How are gif files being executed as PHP?

A user has just uploaded a malicious file to my web server. There is nothing wrong with people uploading files, it is an image gallery and that is what they are supposed to do.

This user has uploaded the c99MadShell backdoor script. I very much doubt the user will be able to locate where the script has been uploaded as it gets moved to a folder with a difficult to guess name.

He has uploaded the file mad.php.gif. Since this is an image file extension, it was allowed.

This major problem is that the file is being executed on my server as a PHP file! No .htaccess files have been uploaded from what I can see.

Can anybody identify what the problem may be that has caused this file to be executed this way?

Thanks for the help.

How are you so sure the file was actually executed? If it indeed was, I bet there is some sort of LFI (Local File Inclu(de/sion)) vulnerability in your application.

I know the location of the file.

I can type the address directly into my browser complete with the .gif extension and it is being executed as PHP. I don’t understand how the vulnerability can be due to my application as I am accessing the uploaded file directly.

I am relativley confident that the person who uploaded it has not been able to use it as they won’t have been able to find the folder it was uploaded to.

This certainly does not sound great. Your server runs all GIF files through the PHP parser… first thing you need to do is to disable that (probably there’s a .htaccess file doing that).

Secure File Upload (PDF)

Thanks for the link. It’s a very useful document. I have spoken to my webhost and they seem to think that anything that contains .php anywhere in the filename is being interpreted as a php file.

The issue of file uploads in PHP is a difficult one. My program requires that my users can upload image files. Almost every method of detecting file type available in PHP can be fooled one way or another. I always thought that using file extension would be the best idea, since if a script was ever hidden inside an image file then at least the web server would not try to execute the file. It looks like I was wrong.

Thanks for the help and advice.

Just rename the files, for example, use md5_file or sha1_file and use image_type_to_extension done deal. Make sure you don’t have any script that is including the images file.

But using that function you have to have a reliable way of determining what type of file you have. What is the best way to go about doing that?

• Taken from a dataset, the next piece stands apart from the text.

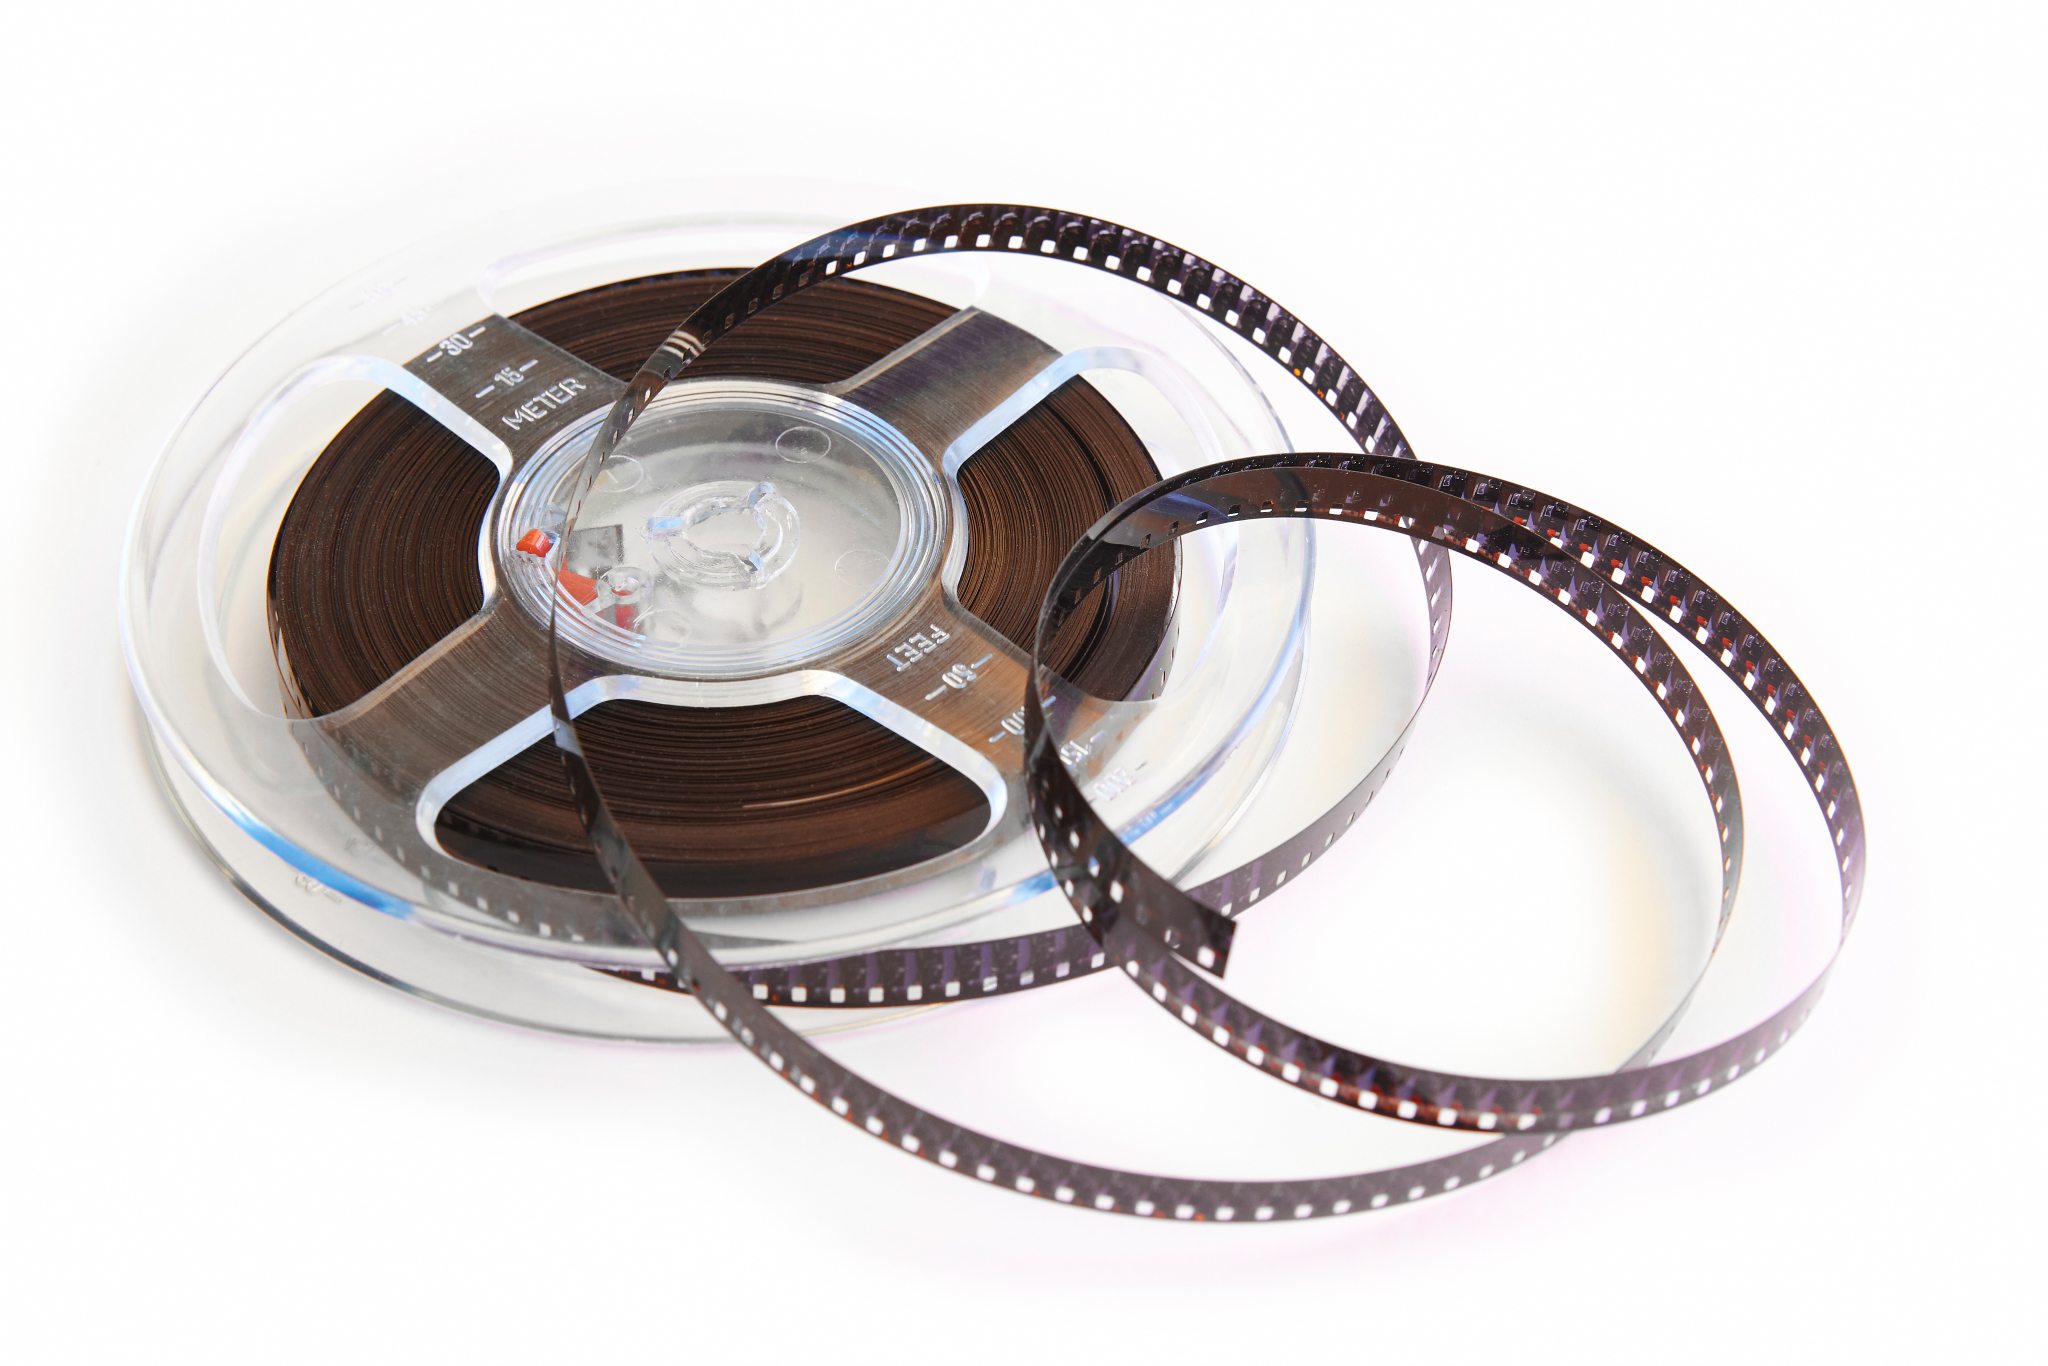 8mm-film-isolated-on-white-vintage-movie-and-film-2022-10-06-20-55-41-utc 1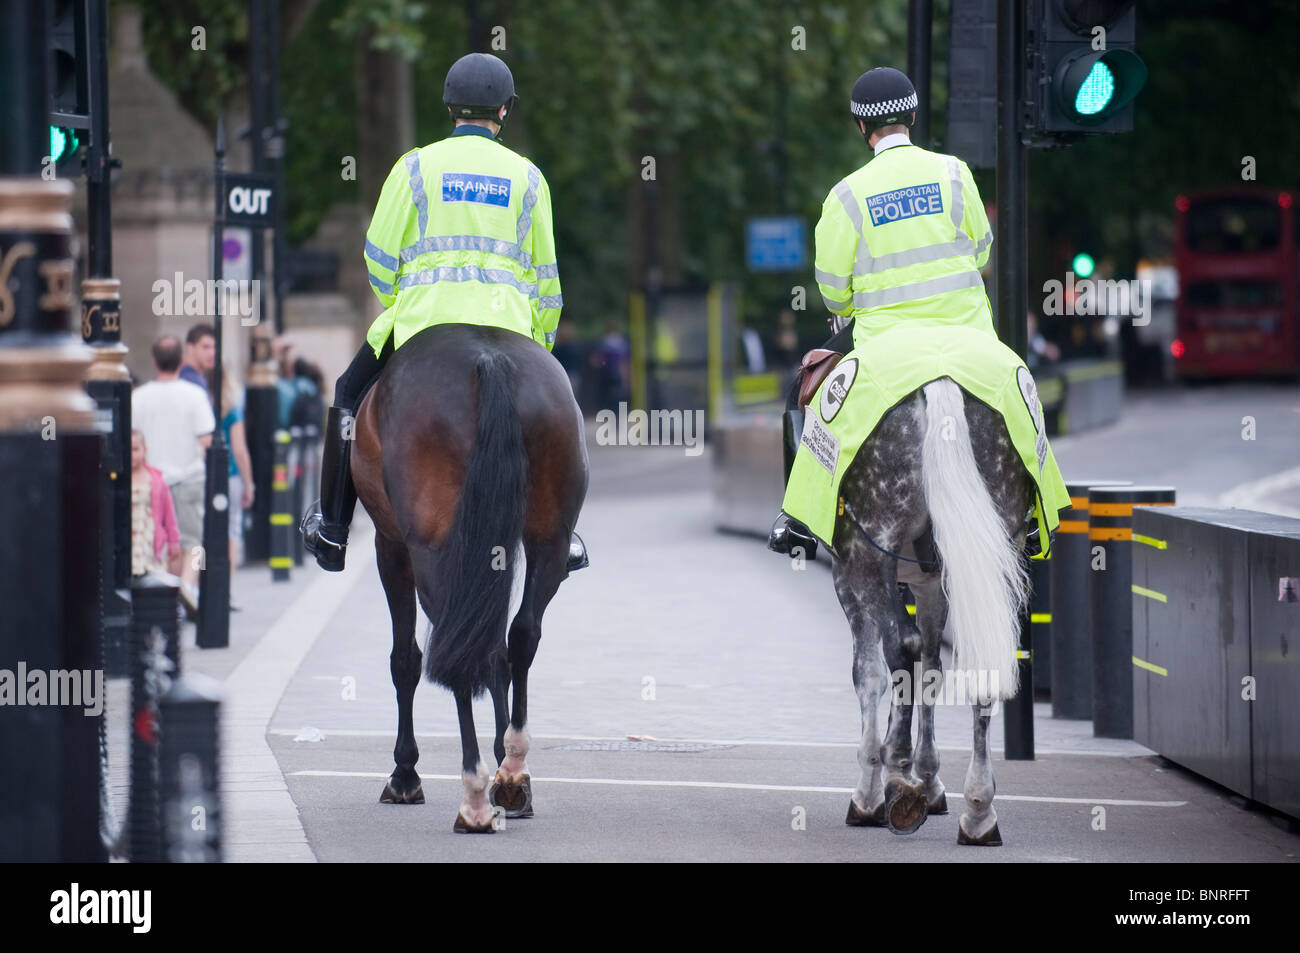 Metropolitan police officers regularly patrol the streets of London on horseback. Stock Photo

Either exif_imagetype or [URL=“http://us.php.net/manual/en/function.getimagesize.php”]getimagesize both of which return an IMAGETYPE_XXX constant.

These are function that I don’t like to rely on. It doesn’t seem to difficult to fool either of these functions by inserting some dummy data into the beginning of the file.

This is from the pdf file you linked to earlier:

Most image formats allow a text comment. It is possible to create a perfectly valid image file that contains some PHP code in the comment. When getimagesize() looks at the file, it sees a proper GIF or JPEG image. When the PHP interpreter looks at the file, it sees the executable PHP code inside of some binary garbage. A sample file called crocus.gif can be downloaded together with all the other examples in this article from http://www.scanit.be/uploads/php-fileupload-examples.zip . A file like that can be created in any image editor that supports editing GIF or JPEG comment, for example Gimp.

Correct you can put non-image data in a image file, but the format allows for that. This is why you do not have the web server treat such files as anything but images. (I.e. don’t pass them to PHP.) No matter what method you go with, the extra non-image data is going to go on by the check.

As long as the images are only ever treated as images the extra data they contain will not be a problem.

I wouldn’t bother. PNG, for example, works based on chunks, and you can have all sorts of combination of chunks of different sizes and have yourself a valid PNG file. A certain chunk type is tEX… And that’s not to say that other image formats can’t contain arbitrary text legally either.

As long as you don’t go including or executing random files on your server, you should be fine. Putting files outside a web accessible directory is always a good idea though. It’s possible to accidentally include files dynamically and have them execute, but IDEs these days warn you if a variable touches an include statement.

One thing to watch out, though, is that craptastic IE will read image files as HTML if they contain HTML and you view the image file directly. Easy fix is to force download.